McCabe advocates the use of his cyclomatic measure on actual software projects. The team should agree on an acceptable upper bound for complexity (say 20), score each program, and decide how to rework those that score too high.

McCabe’s measure is not perfect. For one thing, it does not penalize processes for having too many nodes. The rather preposterous sequence of 17 activities in Process (a) in the preceding figure has a perfect McCabe score of 1. A process consisting of a million consecutive activities, or even one with as many activities as there are particles in the universe, would also score 1, and would pass review!

Secondly, McCabe does not penalize for nested branching. The two processes shown in the following figure have the same complexity, although the process on the bottom is intuitively more complex than that on the top. Each process scores 7, because each contains three ternary (or 3-way) decisions: D1, D2, and D3. In the top process, those decisions come consecutively, whereas in the bottom, they are nested three levels deep.

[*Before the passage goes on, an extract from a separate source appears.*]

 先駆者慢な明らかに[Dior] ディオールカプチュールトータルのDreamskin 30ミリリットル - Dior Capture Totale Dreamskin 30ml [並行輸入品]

McCabe Complexity for BPEL

Despite its flaws, McCabe’s formula forms a part of our scoring mechanism for SOA processes; it is a component of a larger measure we develop in the last section of this article. As a pre-requisite for that discussion, we now consider how to apply the McCabe score to processes developed in BPEL and in TIBCO’s BusinessWorks.

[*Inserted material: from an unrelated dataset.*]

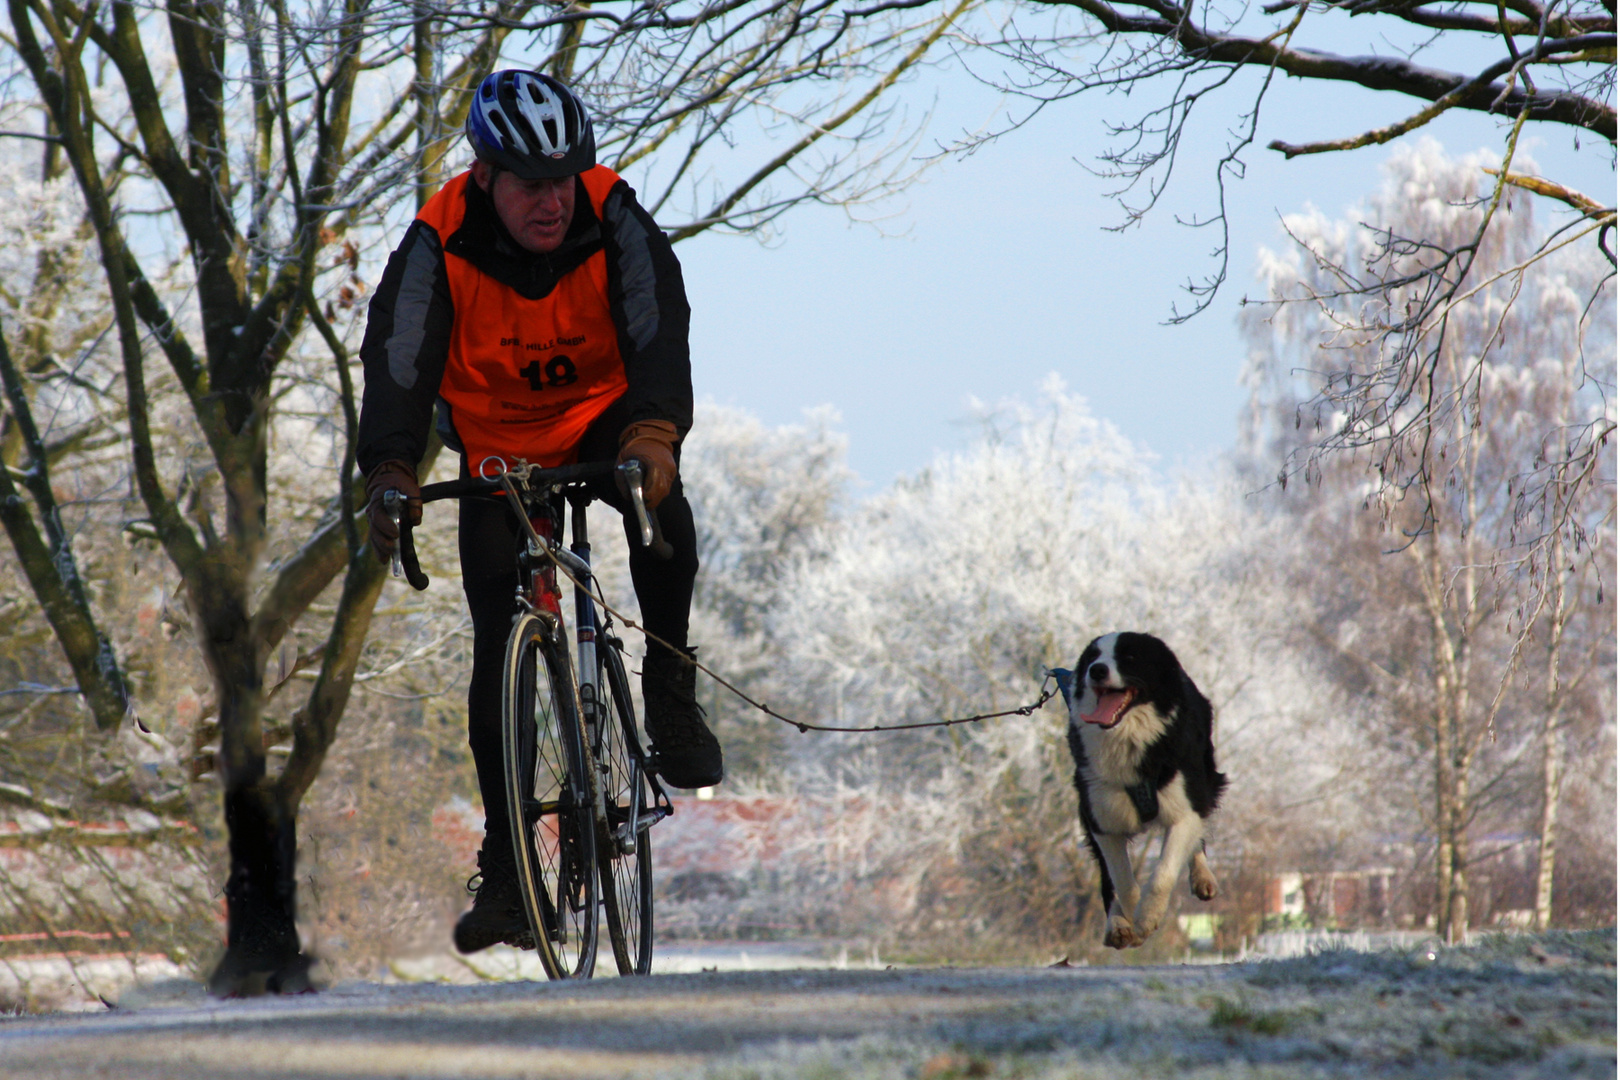 Mensch & Hund beim Sport

BPEL processes are mapped to McCabe’s directed graph form as follows:

  • A BPEL sequence maps easily to a line of nodes, such as fragment shown in the next figure, where the BPEL sequence of activities A, B, and C is drawn as three nodes—A, B, and C—with arrows from A to B and from B to C. A sequence does not add to the complexity of the process.

  • A BPEL pick, flow, or switch is represented as an N-ary decision in the following figure. The beginning and end points of the structure are designated by the nodes labeled Split and Join. For a pick, the branches are onMessage or onAlarm handlers. For a switch, the branches are case or otherwise structures. For a flow, the branches are the activities to be run in parallel (A, B, and C in the figure). (If the flow has inter-activity links, the links are represented as edges.) A pick, switch, or flow adds N-1 to the overall complexity.

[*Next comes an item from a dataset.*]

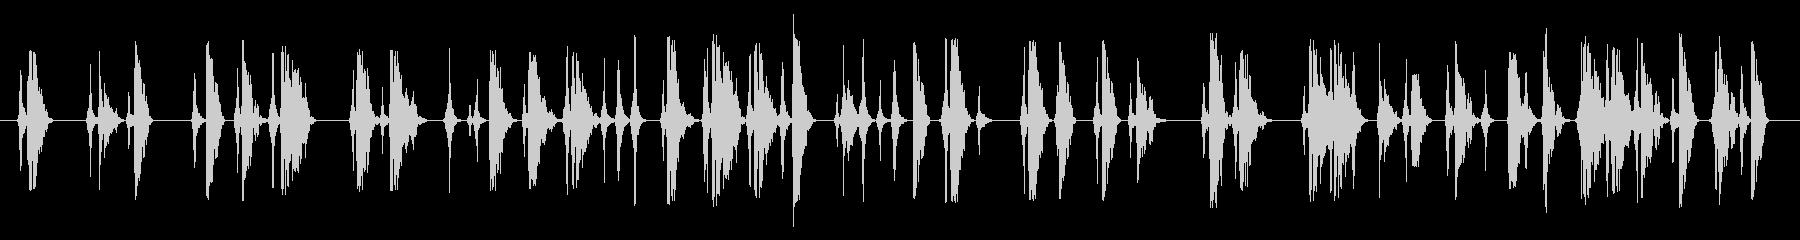 格闘シーンの未再生の波形

  • A BPEL while activity is represented as a GOTO-style loop. The loop begins with a conditional check called Test (as shown in the following figure) and then branches either to A (to perform the while activity if the condition is true), or out of the loop to End. When A completes, it loops back to Test for another iteration. As it contains one binary decision, the while structure adds 1 to the complexity.

  • Error handling is dicier. A single unnested scope with a single error handler and N basic activities (at any level within the scope) adds as much as N to the complexity, assuming each of those basic activities might encounter the error that the handler is meant to catch. The reason for this is that each basic activity must have a binary choice whether to continue down the happy path or route directly to the handler. The scope shown in process (a) in the following figure, contains activities A, B, and C in a sequence (Sc denotes the start of the scope, End its end), but each of these activities has an error path to the handler Error, thus adding 3 to the complexity. In cases with nested scopes and multiple handlers, things get more complicated. An example of this is shown in Process (b). The outer scope, bounded by Sc1 and End1, has two handlers: E11, which is accessible from activity A; and E12, accessible from E. The inner scope, bounded by Sc2 and End2, has its own two handlers, E21 and E22, both of which are accessible from the activities B and C. The E21 handler, in turn, can throw an exception to the outer handler E11. The complexity introduced by all of this is 7: one for the decision at A, one for the decision at E, one for the decision at E21, and two each for the decisions at B and C.